SUPPLIED MATERIAL:
————————

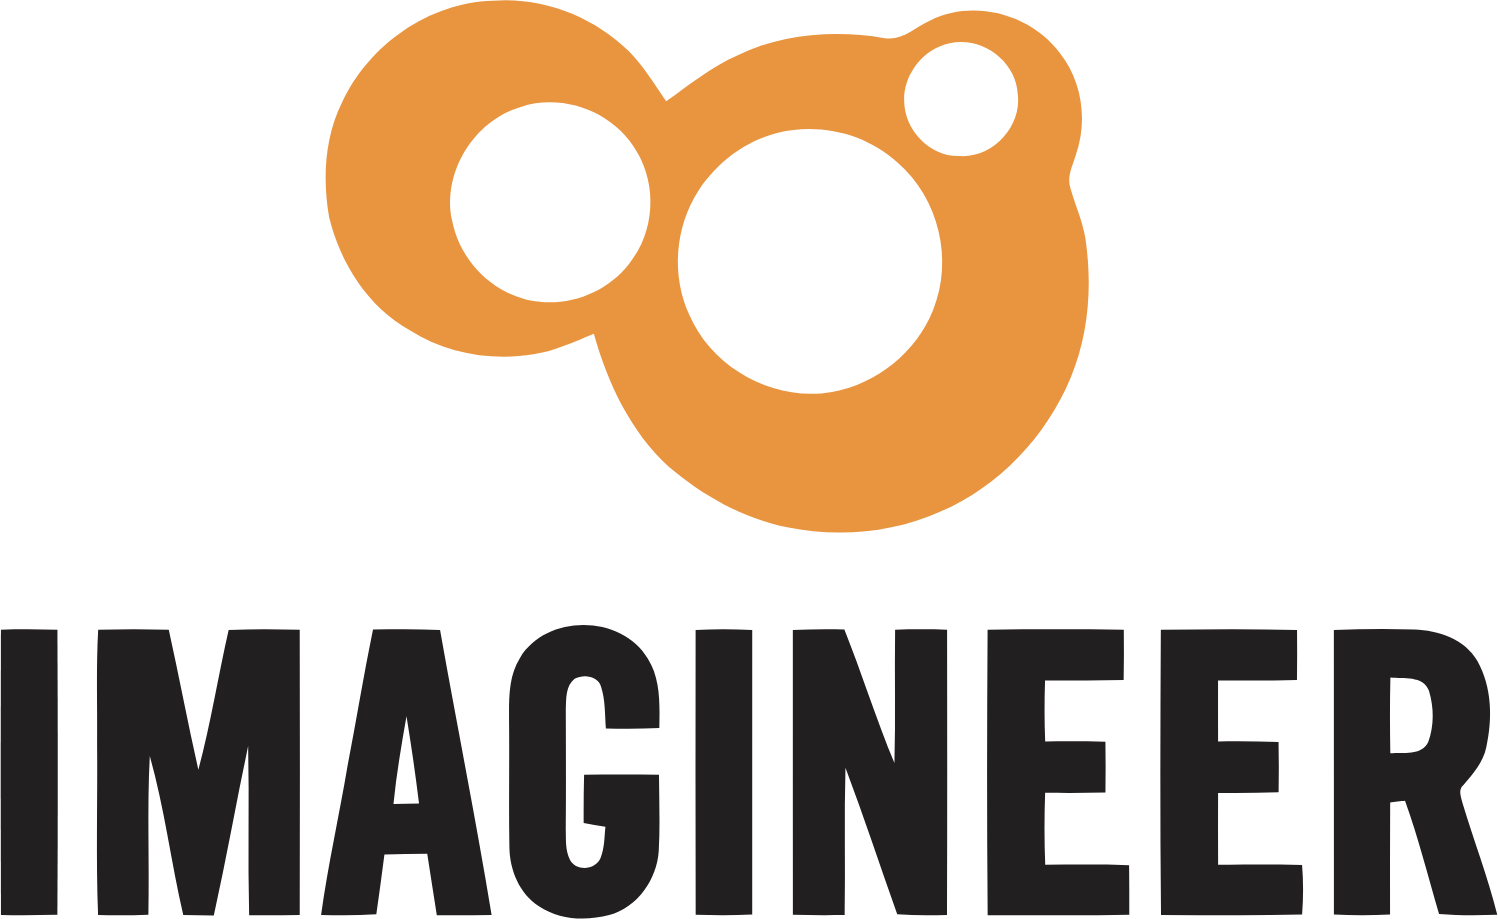 Imagineer logo large (transparent PNG)
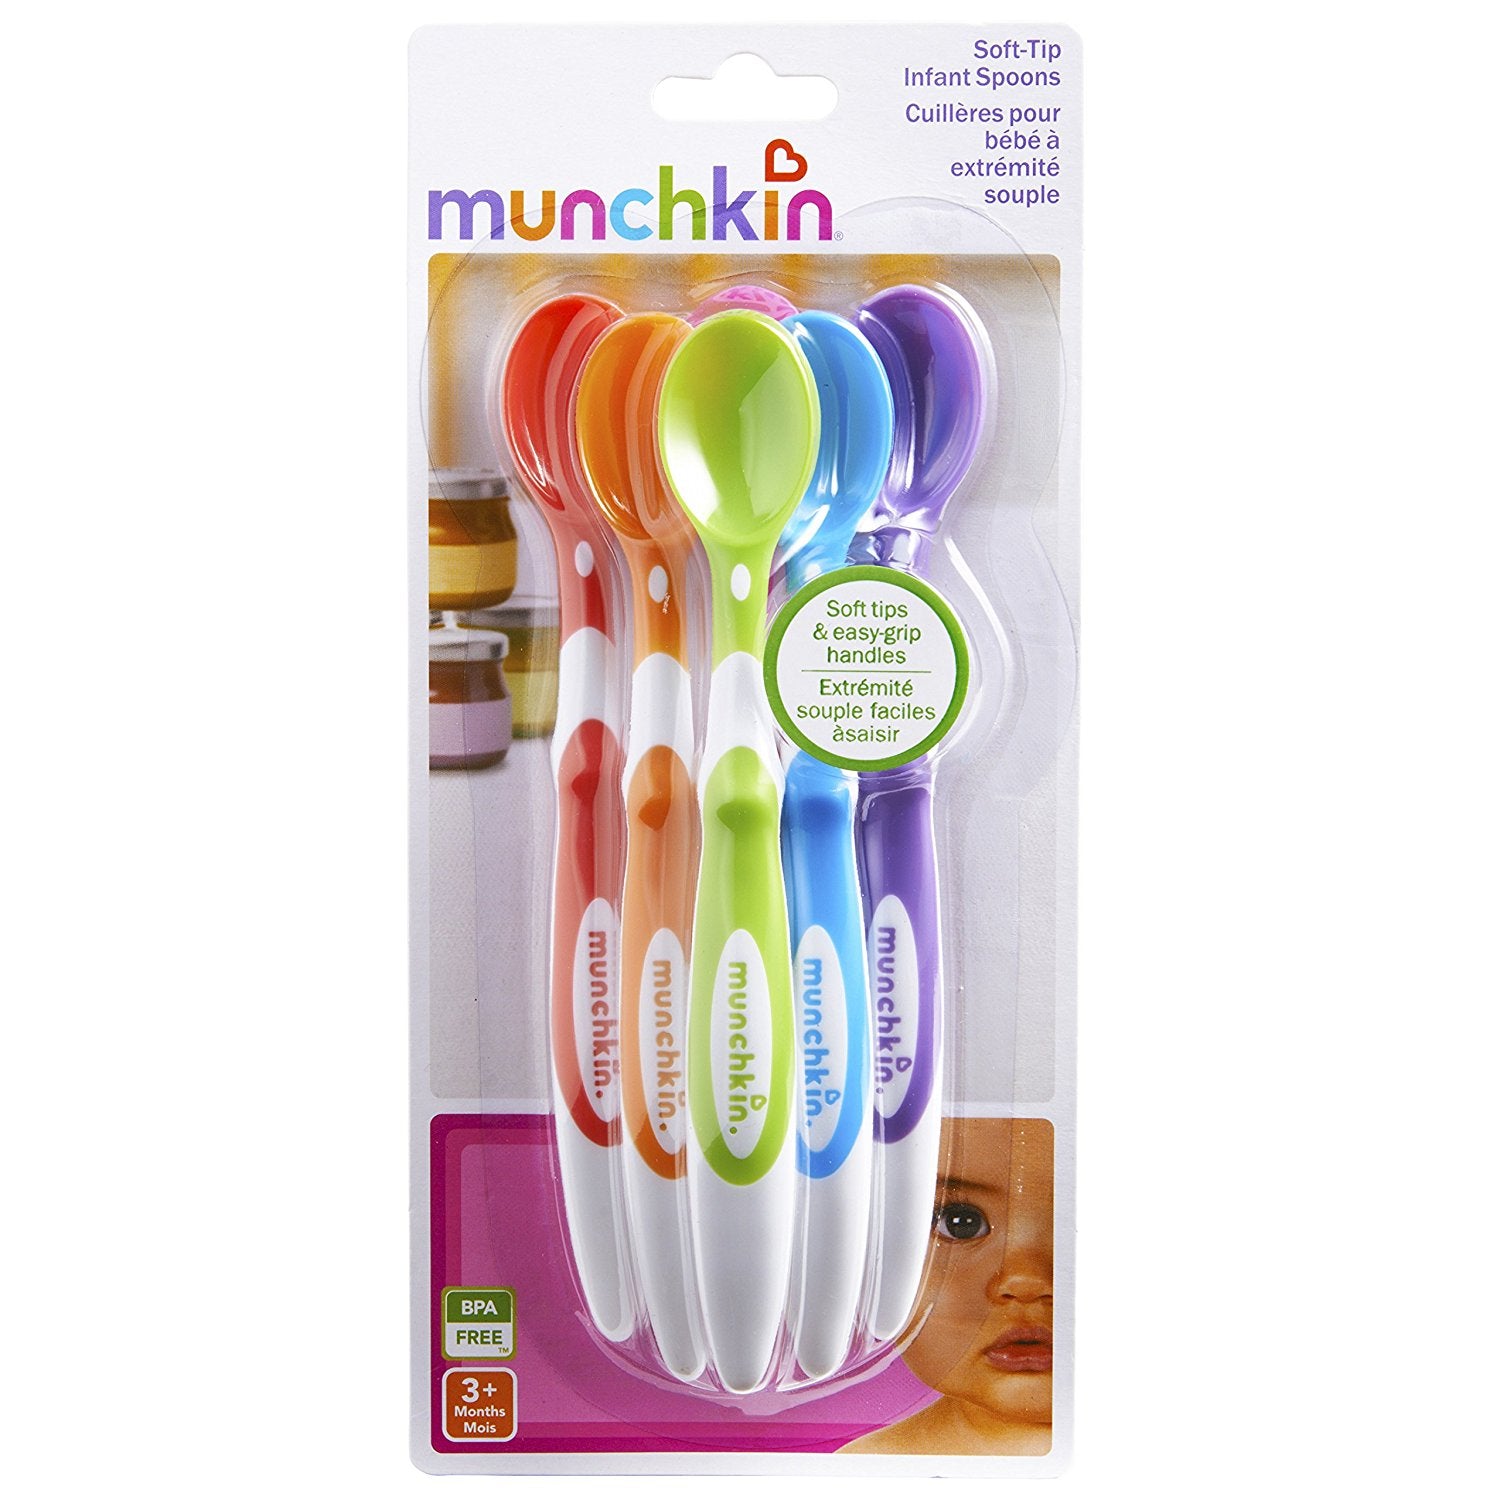 Munchkin Soft-Tip Infant Spoons – 6 Pack
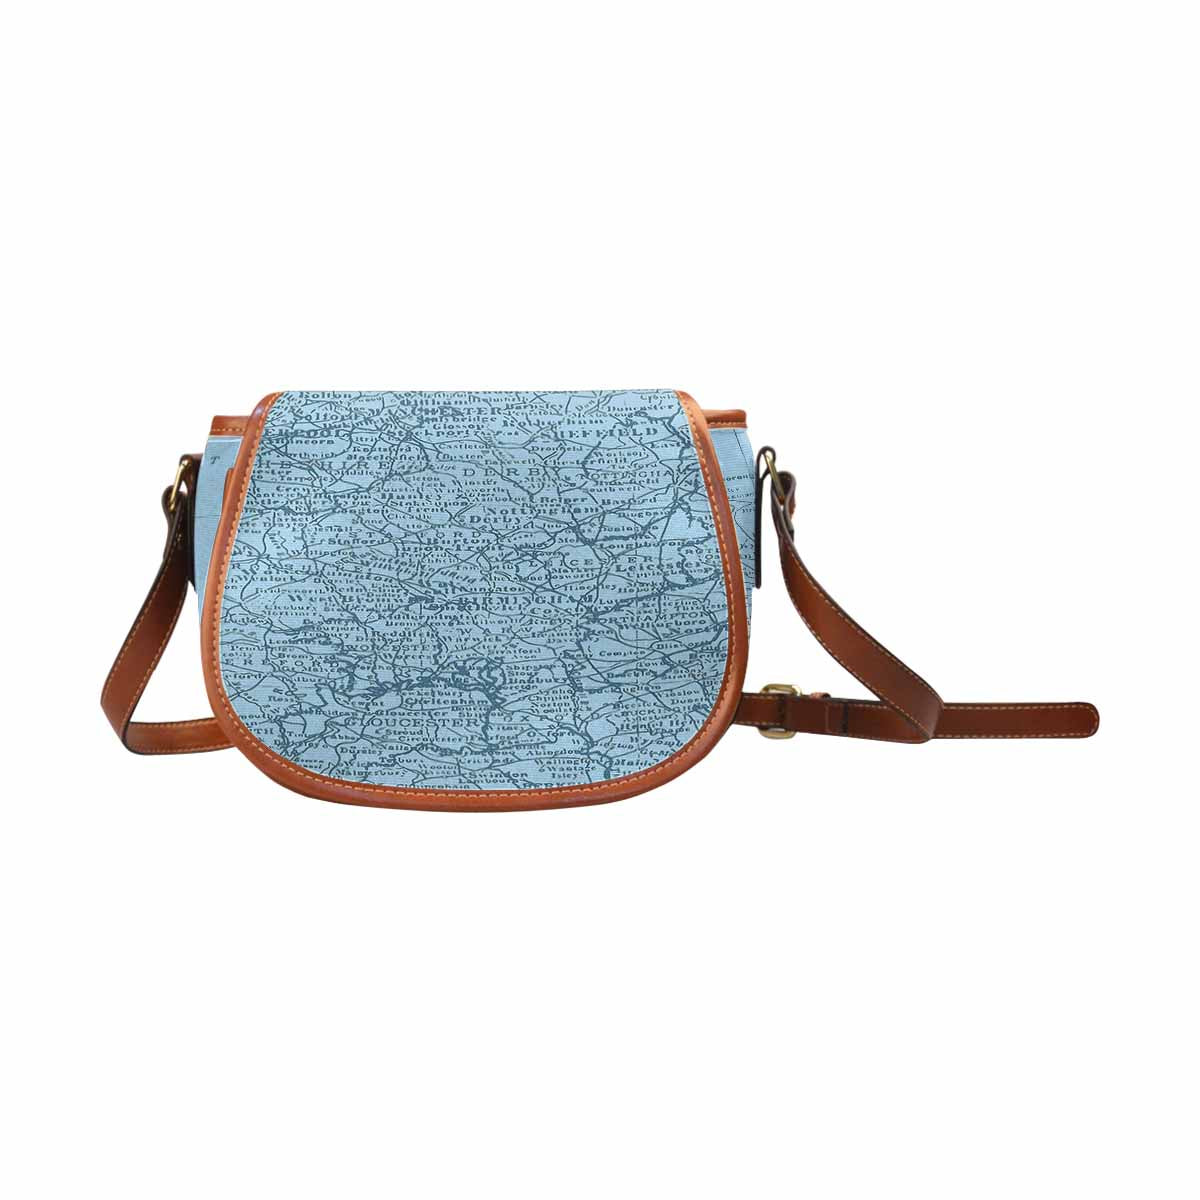 Antique Map design Handbag, saddle bag, Design 50
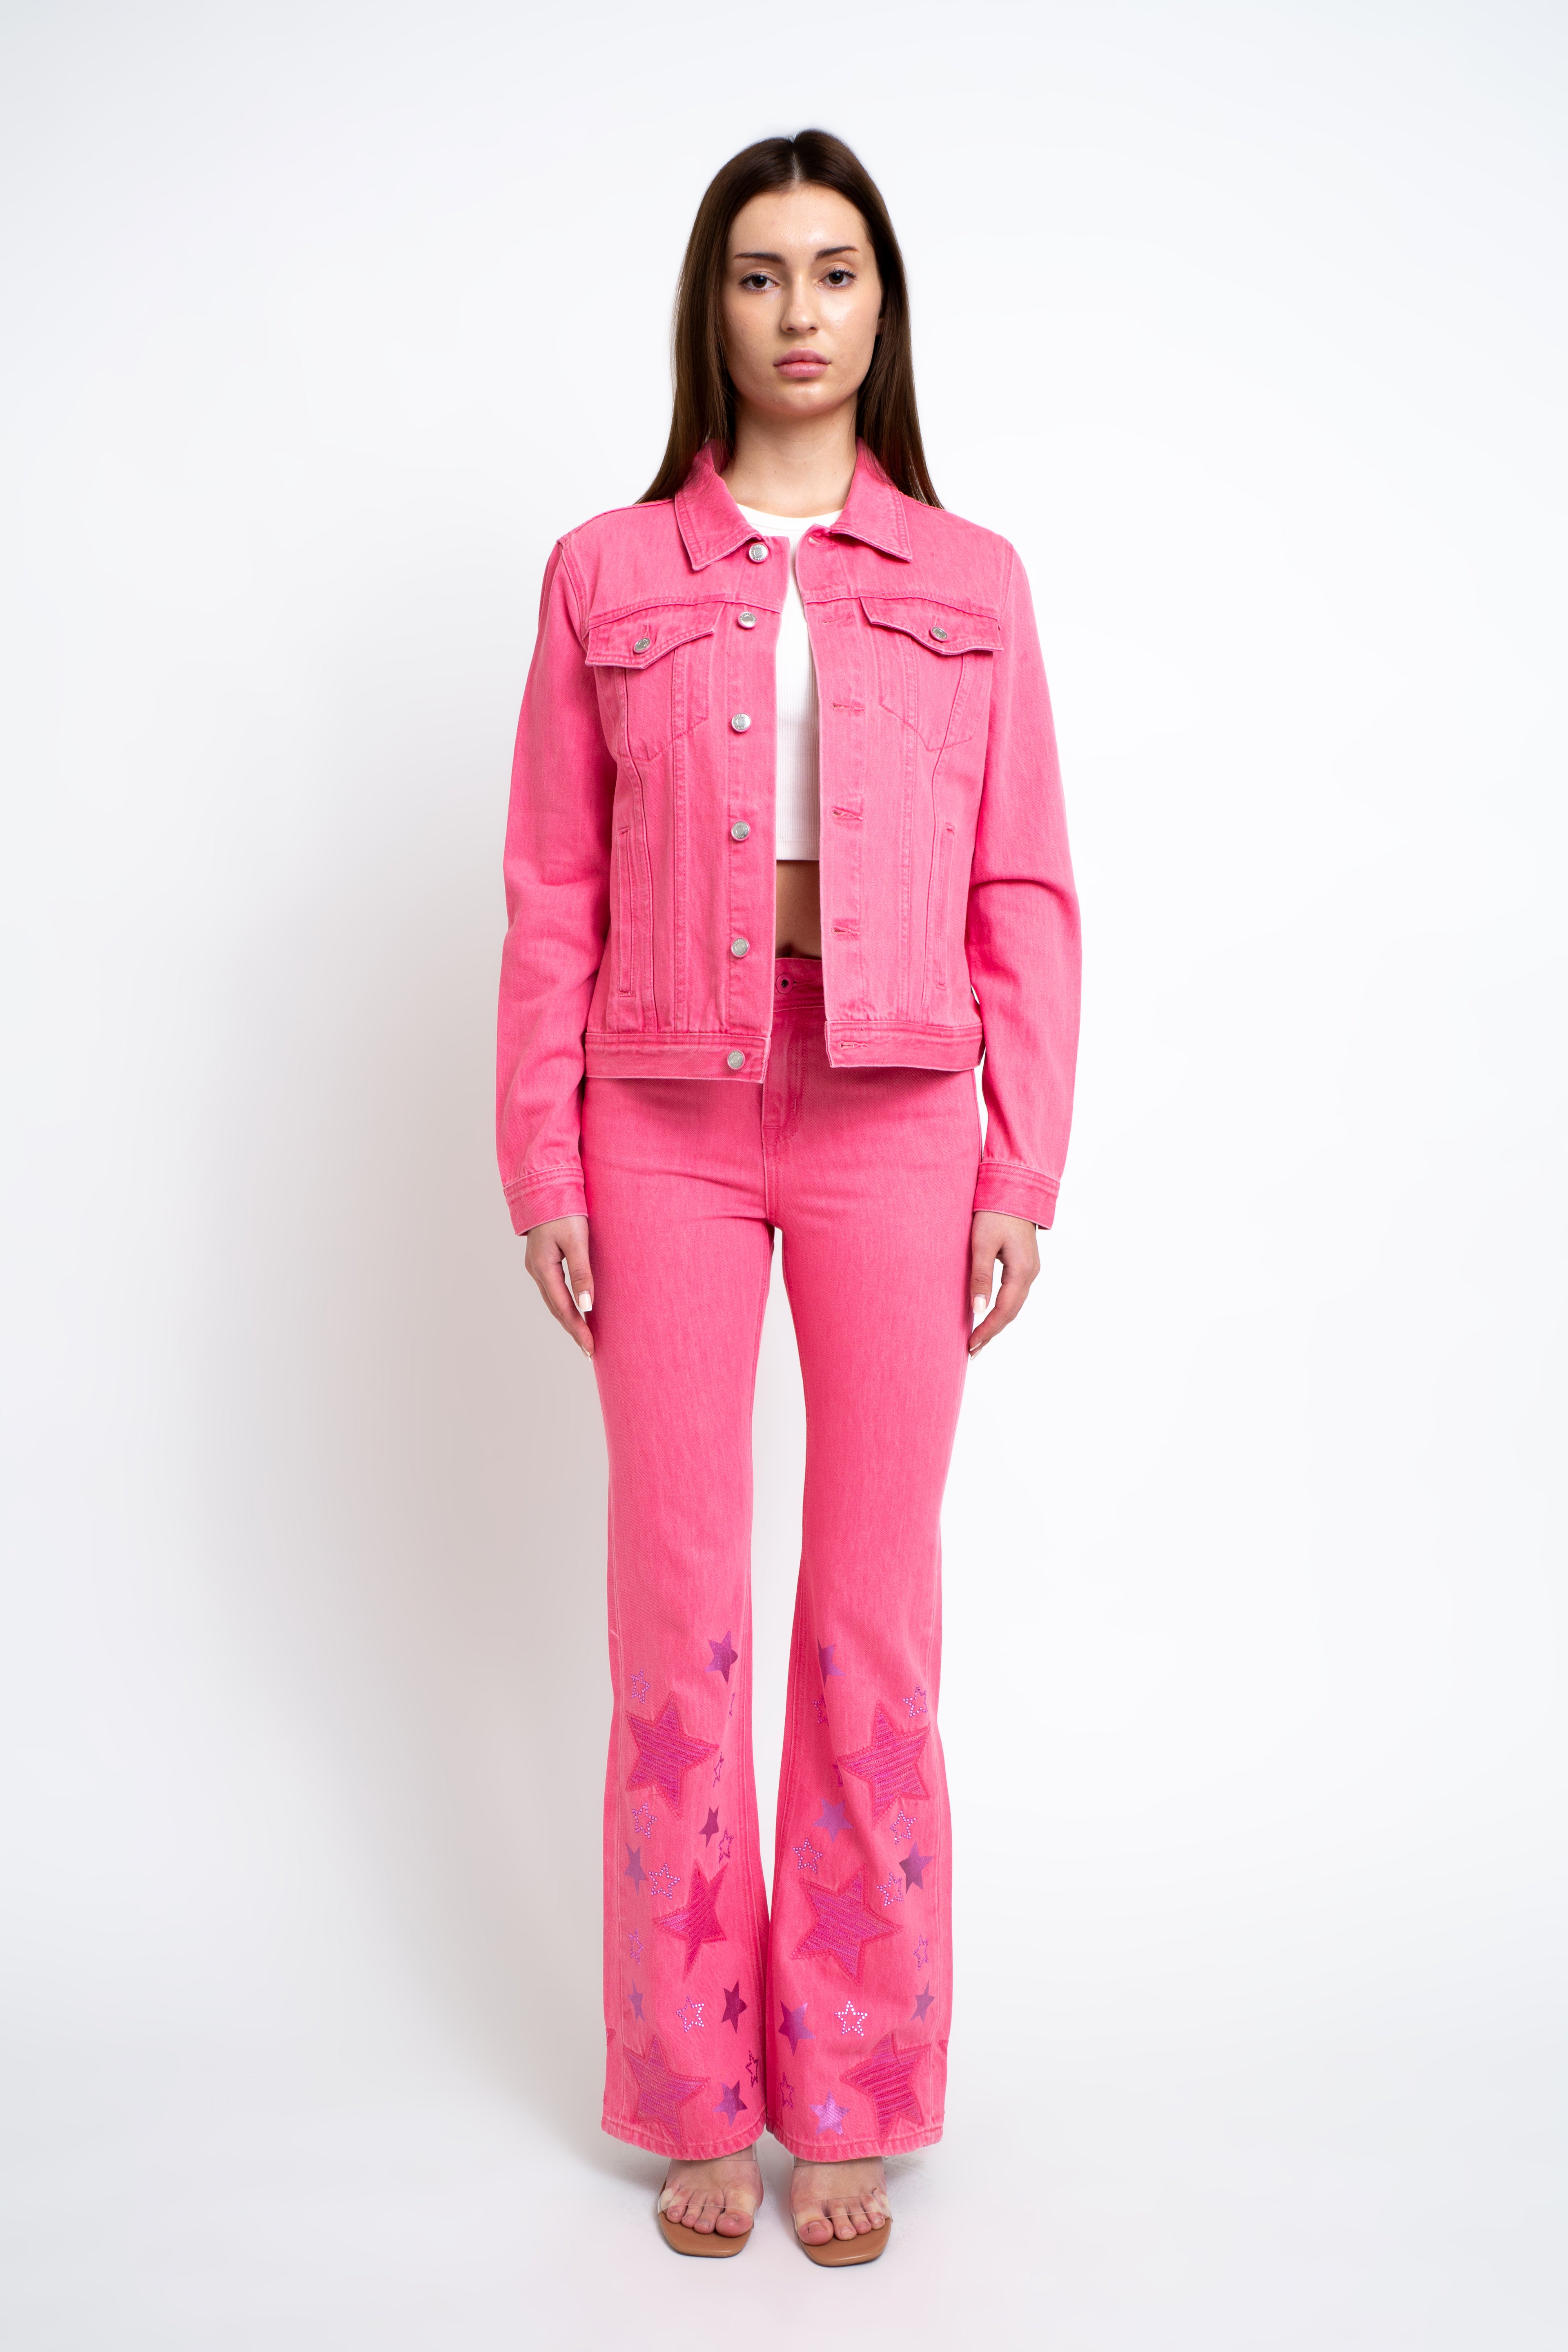 "Let's Go Girls" Embroidery Pink Denim Jacket

————————

WORK TASK: Your copy of the data should match it exactly, apart from the images, which are omitted.

RESPONSE:
 Imagineer logo large (transparent PNG)
 Munchkin Soft-Tip Infant Spoons – 6 Pack
 Antique Map design Handbag, saddle bag, Design 50
 "Let's Go Girls" Embroidery Pink Denim Jacket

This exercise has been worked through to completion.